In some states, employers are prohibited from using or disclosing employee medical information unless disclosure is compelled by law or the information is relevant to a lawsuit between the employer or employee, or is necessary to administer an employee benefit plan. The consequence of one case in Massachusetts indicates that employers in that state are even prevented from obtaining employee medical information directly from insurance providers without the employee's consent. Even though the information sought may be of significance to the employer, the employer may not be entitled to it when a physician-patient relationship exists, unless the information poses serious danger to the employer.
TIP: A series of state cases have decided, both pro and con, employees' invasion of privacy claims brought when company physicians disclose confidential medical information to the employer. Usually, if some of the information was previously contained in the employment records, and the issue presented was of legitimate concern to the employer, a court may rule that no breach of the confidential doctor-patient privilege took place if the information was conveyed for a valid purpose. However, since the outcome of each case depends on the particular facts, never make any decisions in this area without seeking advice from counsel.

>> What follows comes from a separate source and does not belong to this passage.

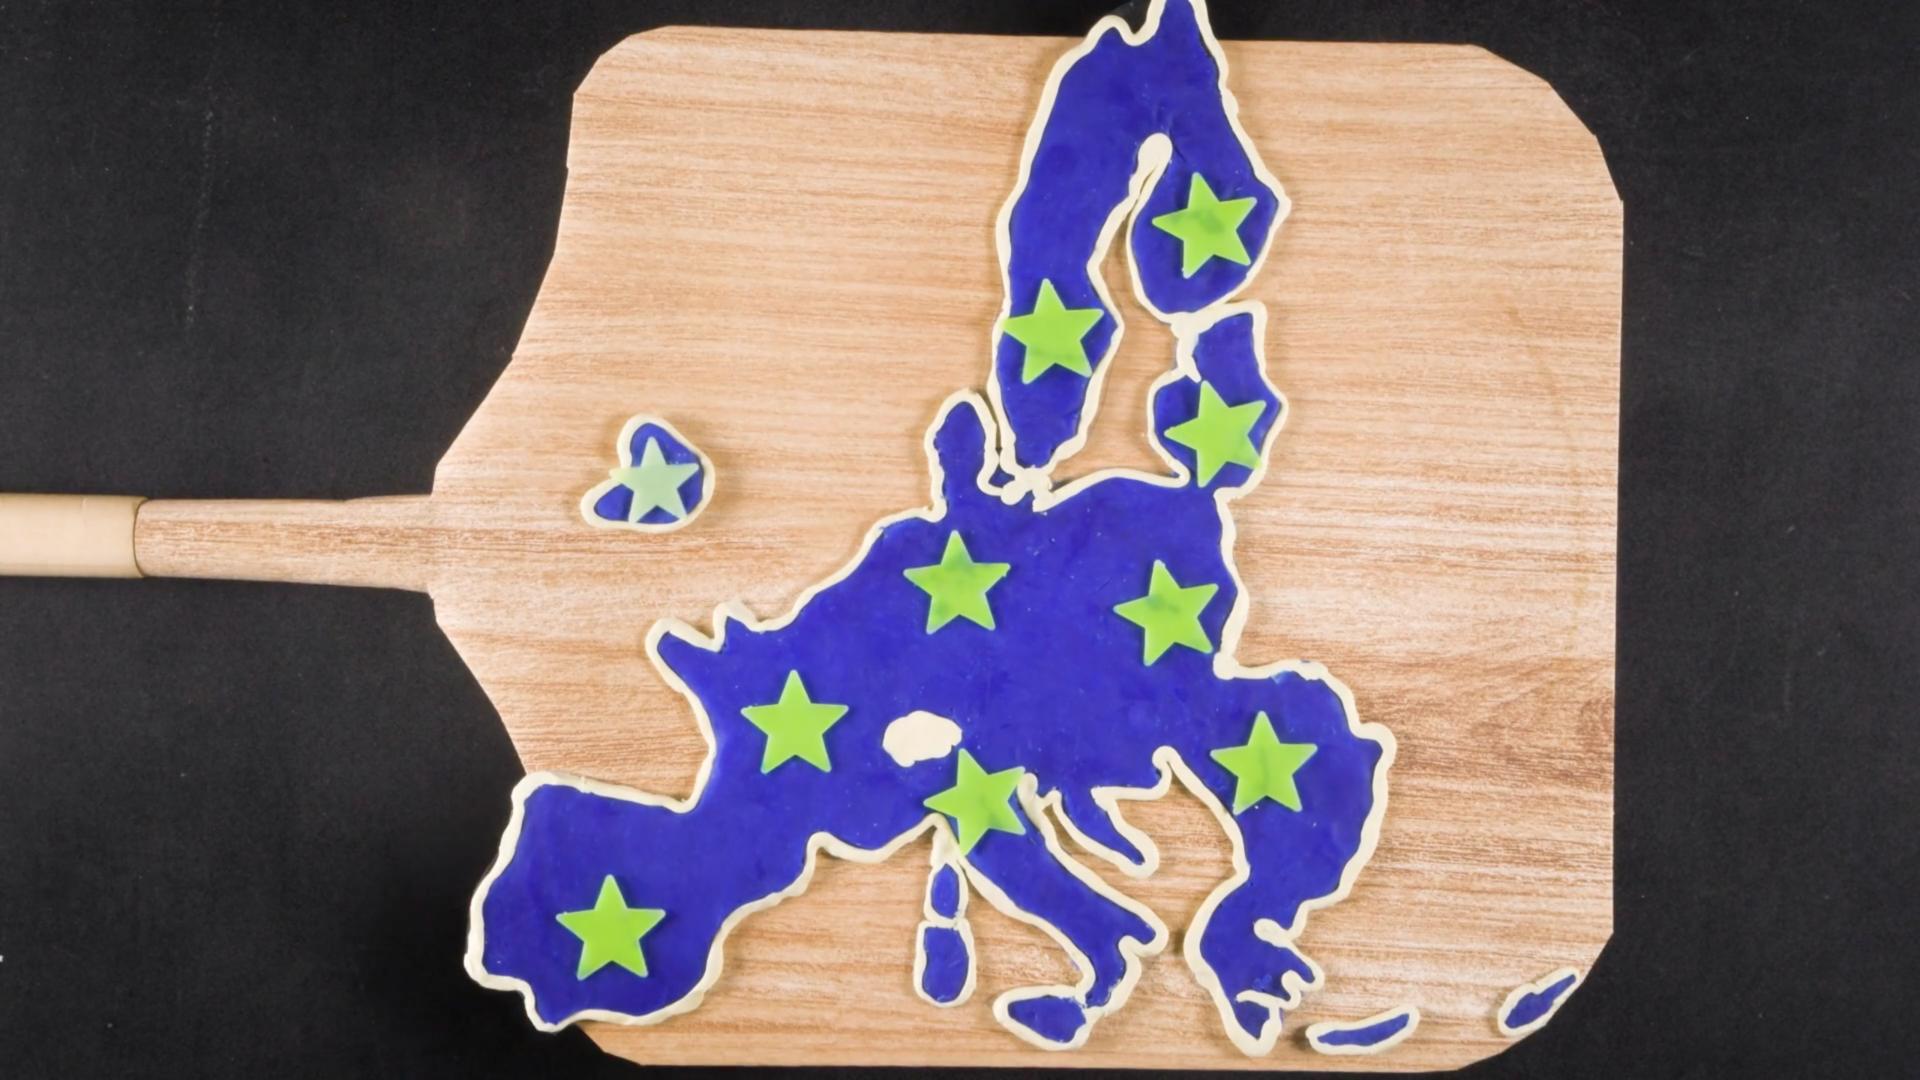 animo-film-shape-of-europe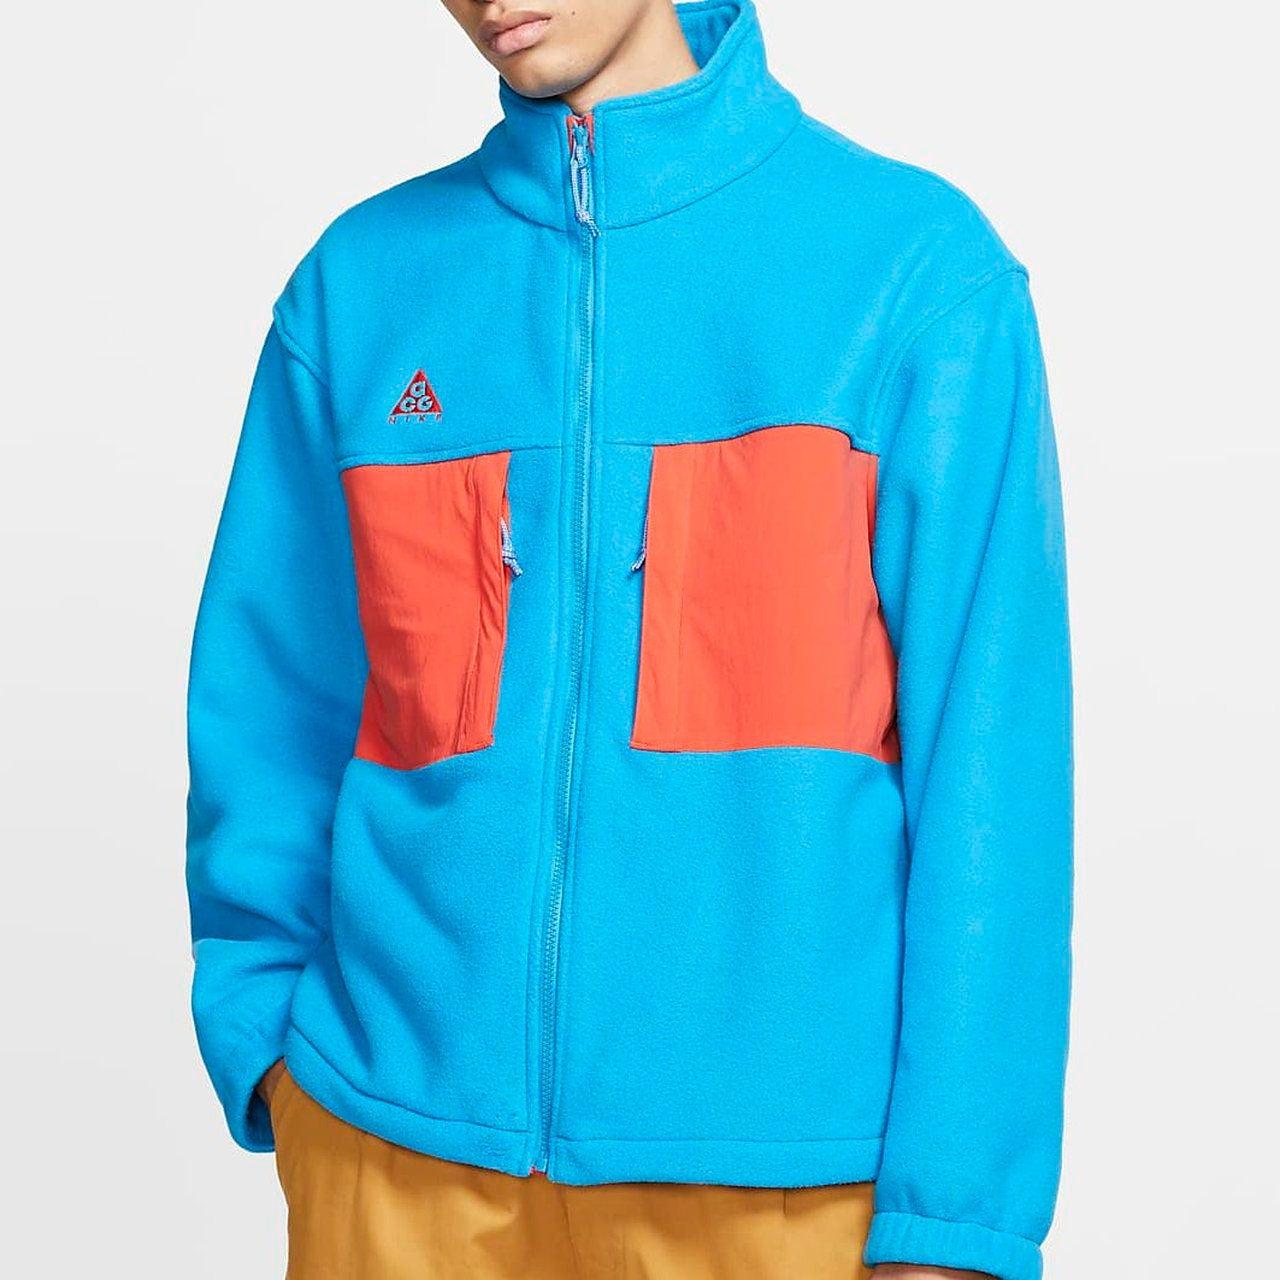 NWT NIKE ACG MICROFLEECE Sweater Jacket

It is best to carefully evaluate your company's need for medical information before requesting such data from an in-house physician, insurance company or other health provider and take steps to reduce the risk that such information will be disclosed to the employee's friends, family members and co-workers.
If employees ask to view such information, a personnel depart- ment representative should be present when the request is granted. Employees should not be permitted to remove or alter their files in any way and no photocopies should be given; if copies are requested, the employee should be instructed to take notes instead.